L’erreur humaine souvent pointée du doigt 

 Le secteur de l’enseignement fait état de difficultés opérationnelles plus marquées que la moyenne intersectorielle. Plus de la moitié (53 %) des établissements de l’enseignement supérieur déclarent ne pas disposer des compétences ou de l’expertise nécessaires pour détecter et contrer les attaques à temps, contre 35 % dans tous les autres secteurs. 

De leur côté, les établissements du primaire et secondaire citent le plus souvent l’erreur humaine (52 %), le manque de protection (47 %), les failles de sécurité inconnues (42 %) et les capacités limitées (41 %) comme des facteurs contributifs.

 Le rapport souligne également que les attaques ont fortement augmentée en 2026. Les taux de chiffrement des données ont plus que doublé dans l’enseignement primaire et secondaire. Le pourcentage d’établissements d’enseignement primaire et secondaire dont les données ont été chiffrées lors d’une attaque par ransomware a plus que doublé d’une année sur l’autre, passant de 29 % en 2025 à 61 % en 2026.  Sur l’ensemble du secteur de l’éducation, 58 % des attaques par ransomware ont entraîné un chiffrement de données.

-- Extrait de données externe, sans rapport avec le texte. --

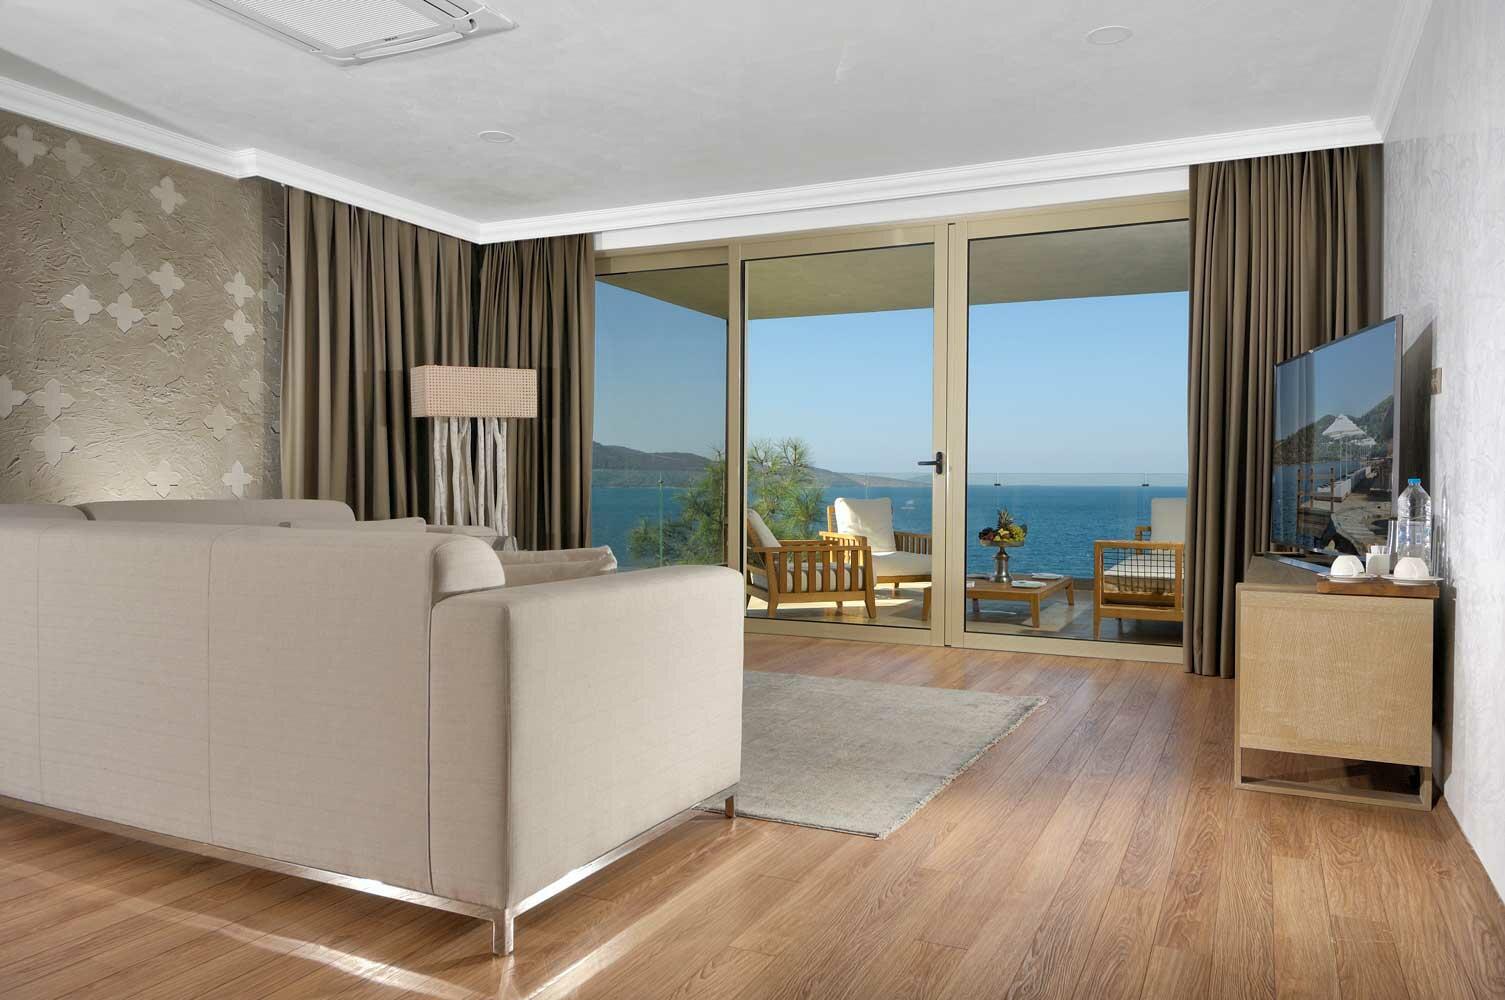 Grand Suite at Sarpedor Boutique Beach Hotel in Bodrum, Turkey

La restauration des données s’appuie largement sur les sauvegardes. Plus des trois quarts (77 %) des établissements d’enseignement primaire et secondaire, et 69 % des établissements d’enseignement supérieur, restaurent leurs données chiffrées à l’aide de sauvegardes – ces deux taux étant supérieurs à la moyenne intersectorielle de 66 %.

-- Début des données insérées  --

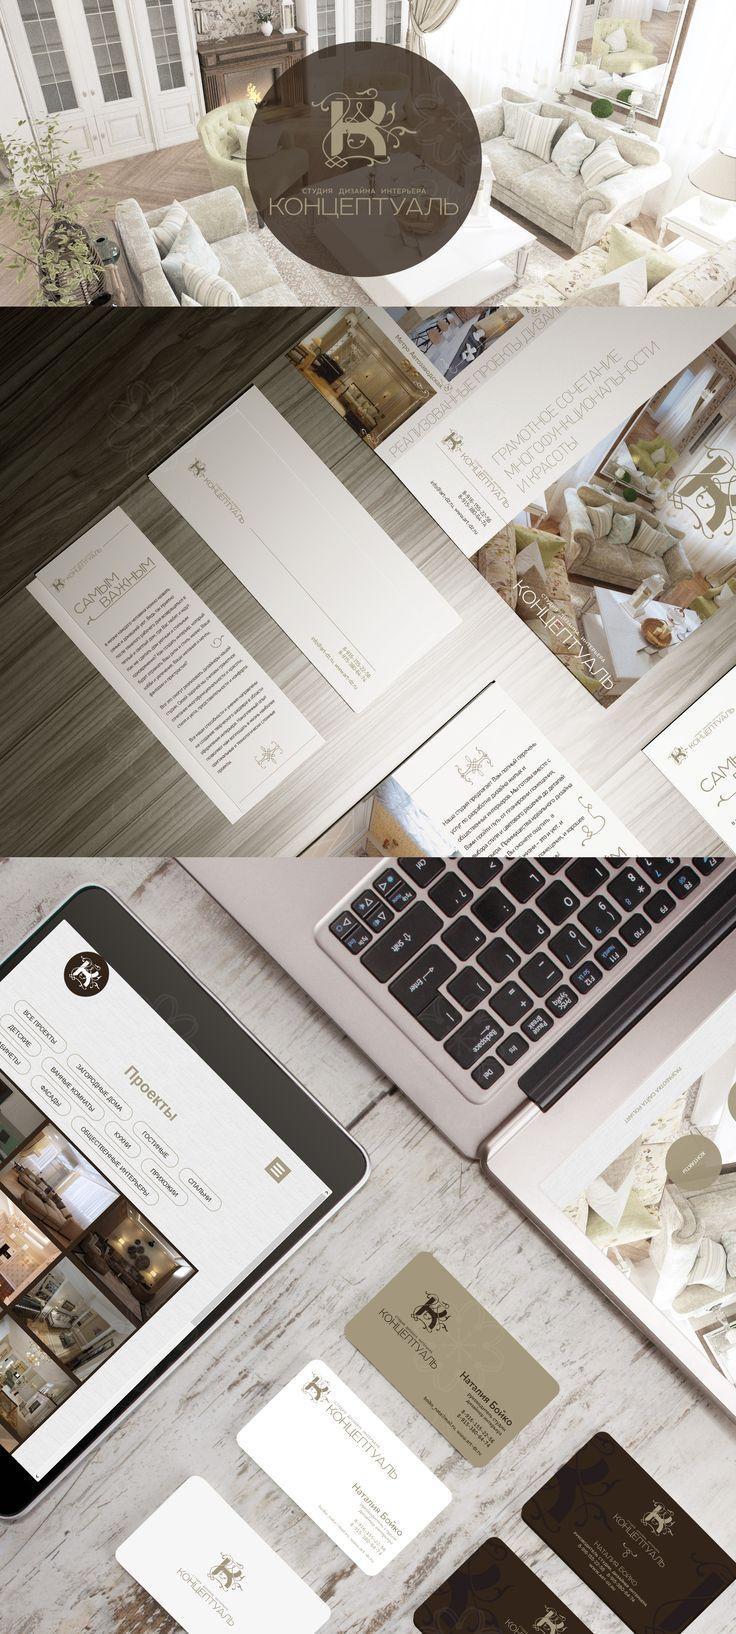 http://art-dz.ru/ Концептуаль Разработка логотипа, айдентики, сайт под ключ

Les demandes de rançon restent élevées malgré une tendance à la baisse observée depuis plusieurs années. Le montant médian des rançons demandées aux établissements d’enseignement s’élève à 775 200 dollars, soit plus que la médiane intersectorielle de 698 000 dollars. Les demandes de rançon médianes dans le secteur de l’éducation ont baissé deux années de suite, tandis que les paiements ont augmenté de 15 000 dollars entre les rapports 2025 et 2026.

Les coûts de reprise augmentent et les délais de retour à la normale restent longs. Les coûts moyens de reprise après une attaque par ransomware ont atteint 2,26 millions de dollars dans le secteur de l’éducation, dépassant la moyenne intersectorielle de 1,7 million de dollars. Plus d’un quart (26 %) des établissements d’enseignement ont eu besoin d’un à trois mois pour se remettre complètement d’une attaque, soit près du double de la moyenne intersectorielle (14 %).

Pression accrue sur les équipes de sécurité

L’impact humain sur les équipes informatiques et de sécurité s’intensifie. Plus de la moitié (53 %) des équipes d’établissements d’enseignement supérieur font état d’une pression accrue de la part de leur direction, contre 40 % sur tous les autres secteurs. Environ 39 % des établissements d’enseignement ont signalé des absences de personnel dues au stress ou à des problèmes de santé mentale à la suite d’une attaque par ransomware, contre 29 % dans tous les autres secteurs. Le secteur de l’éducation affiche également un taux de rotation élevé au sein des équipes dirigeantes : 29 % des équipes dans l’enseignement supérieur et 27 % dans l’enseignement primaire et secondaire ont vu leur direction remplacée après une attaque, la moyenne intersectorielle étant de 21 %.

 Les conclusions de l'étude s’appuient sur une enquête indépendante menée auprès de 226 responsables informatiques et de la cybersécurité du secteur de l’éducation, répartis dans 17 pays, et dont les organisations ont été victimes d’une attaque par ransomware au cours de l’année écoulée.